Since the early 2000s, AI systems have eliminated more than 1.7 million jobs, and that number will only increase as AI improves. Some research estimates that by 2025, AI will eliminate more than 85 million jobs.
But for all the talk about job security, AI is also proving to be a powerful tool in healthcare—specifically, cancer detection. One recently published study has shown that, remarkably, artificial intelligence was able to detect 20 percent more cancers in imaging scans than radiologists alone.
Published in The Lancet Oncology, the study analyzed the scans of 80,000 Swedish women with a moderate hereditary risk of breast cancer who had undergone a mammogram between April 2021 and July 2022. Half of these scans were read by AI and then a radiologist to double-check the findings. The second group of scans was read by two researchers without the help of AI. (Currently, the standard of care across Europe is to have two radiologists analyze a scan before diagnosing a patient with breast cancer.)
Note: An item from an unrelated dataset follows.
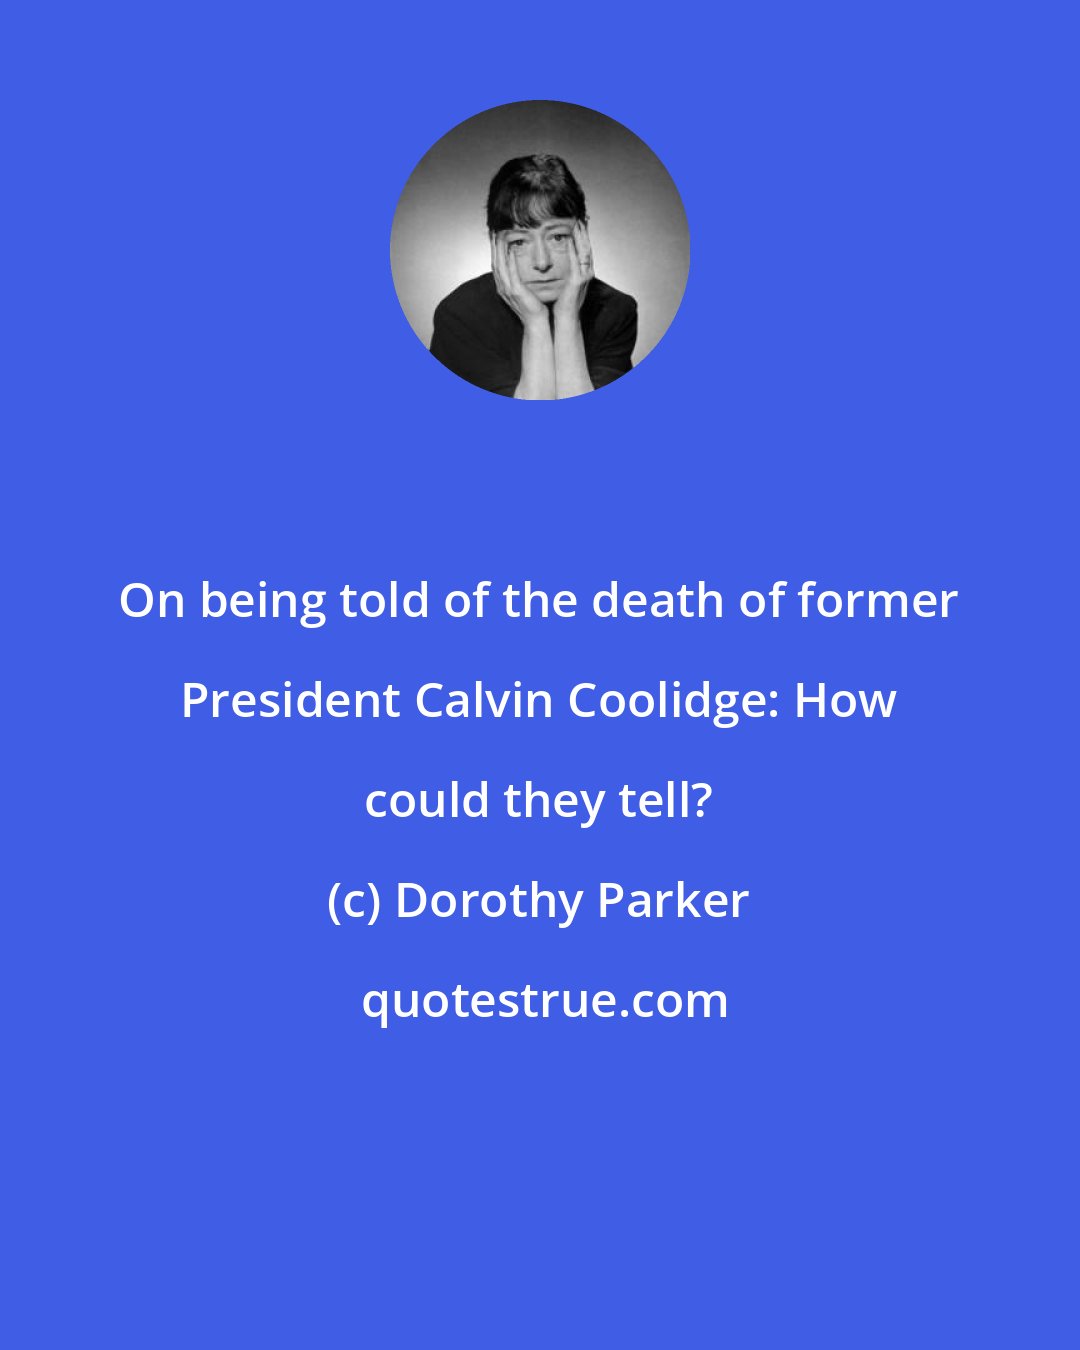 Dorothy Parker: On being told of the death of former President Calvin Coolidge: How could they tell?

The study showed that the AI group detected cancer in 6 out of every 1,000 scans, while the radiologists detected cancer in 5 per 1,000 scans. In other words, AI found 20 percent more cancers than the highly-trained radiologists.
Scientists have been using MRI images (like the ones pictured here) to train artificial intelligence to detect cancers earlier and with more accuracy. Here, MIT's AI system, MIRAI, looks for patterns in a patient's mammograms to detect breast cancer earlier than ever before. news.mit.edu
But even though the AI was better able to pinpoint cancer on an image, it doesn’t mean radiologists will soon be out of a job. Dr. Laura Heacock, a breast radiologist at NYU, said in an interview with CNN that radiologists do much more than simply screening mammograms, and that even well-trained technology can make errors. “These tools work best when paired with highly-trained radiologists who make the final call on your mammogram. Think of it as a tool like a stethoscope for a cardiologist.”
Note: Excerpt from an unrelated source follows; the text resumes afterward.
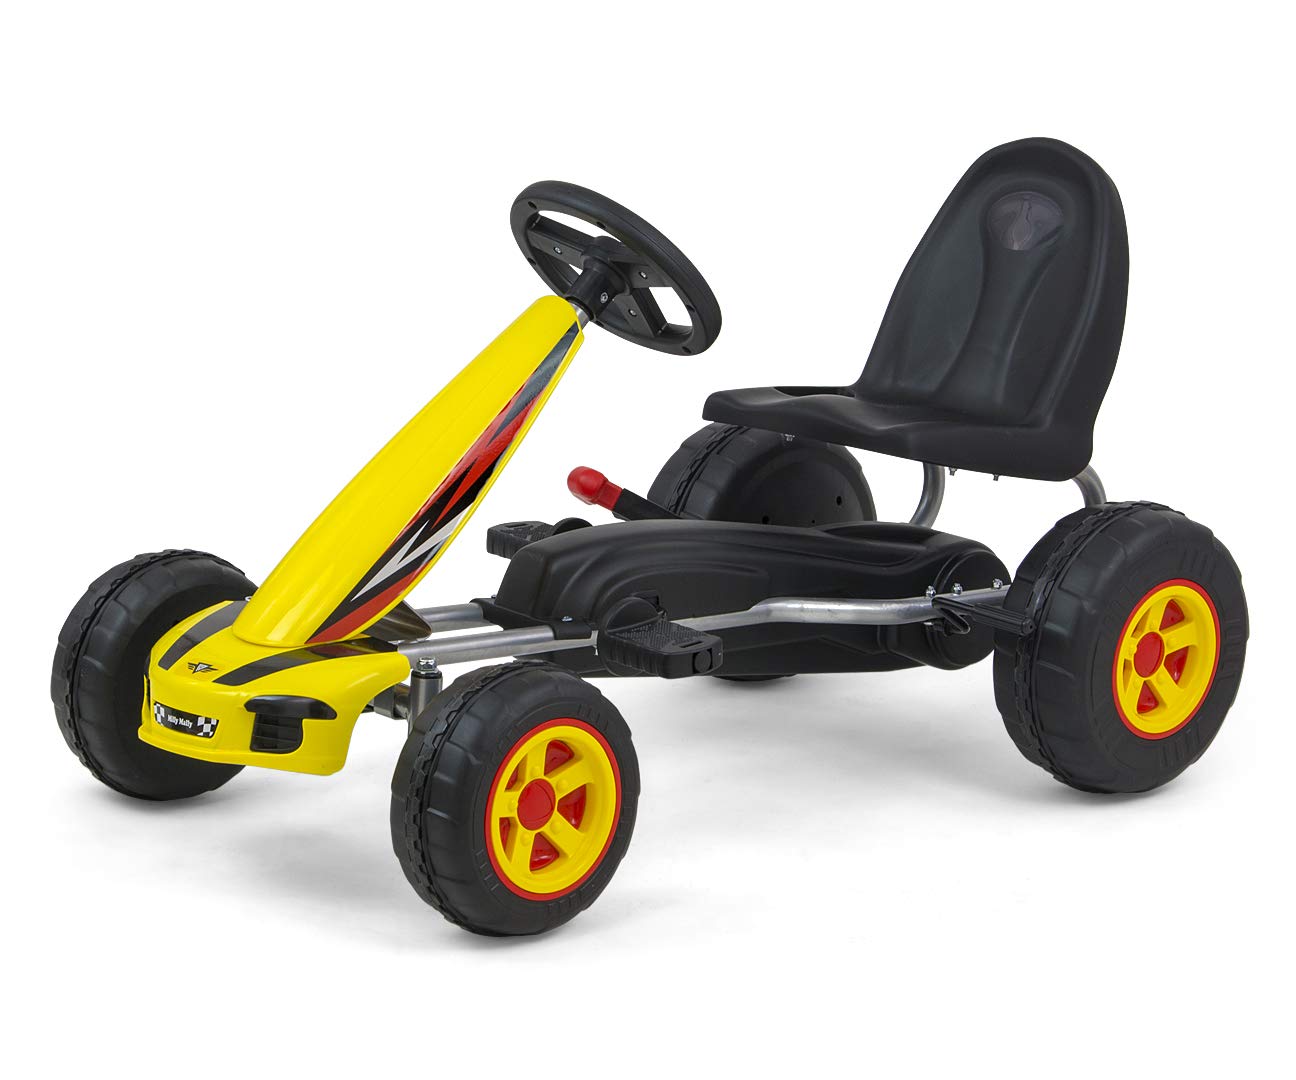 Milly Mally 5901761125863 Go-Kart with pedals Viper Yellow, gelb, 7.4 kg

AI is still an emerging technology, but more and more doctors are using them to detect different cancers. For example, researchers at MIT have developed a program called MIRAI, which looks at patterns in patient mammograms across a series of scans and uses an algorithm to model a patient's risk of developing breast cancer over time. The program was "trained" with more than 200,000 breast imaging scans from Massachusetts General Hospital and has been tested on over 100,000 women in different hospitals across the world. According to MIT, MIRAI "has been shown to be more accurate in predicting the risk for developing breast cancer in the short term (over a 3-year period) compared to traditional tools." It has also been able to detect breast cancer up to five years before a patient receives a diagnosis.
The challenges for cancer-detecting AI tools now is not just accuracy. AI tools are also being challenged to perform consistently well across different ages, races, and breast density profiles, particularly given the increased risks that different women face. For example, Black women are 42 percent more likely than white women to die from breast cancer, despite having nearly the same rates of breast cancer as white women. Recently, an FDA-approved AI device for screening breast cancer has come under fire for wrongly detecting cancer in Black patients significantly more often than white patients.
As AI technology improves, radiologists will be able to accurately scan a more diverse set of patients at a larger volume than ever before, potentially saving more lives than ever.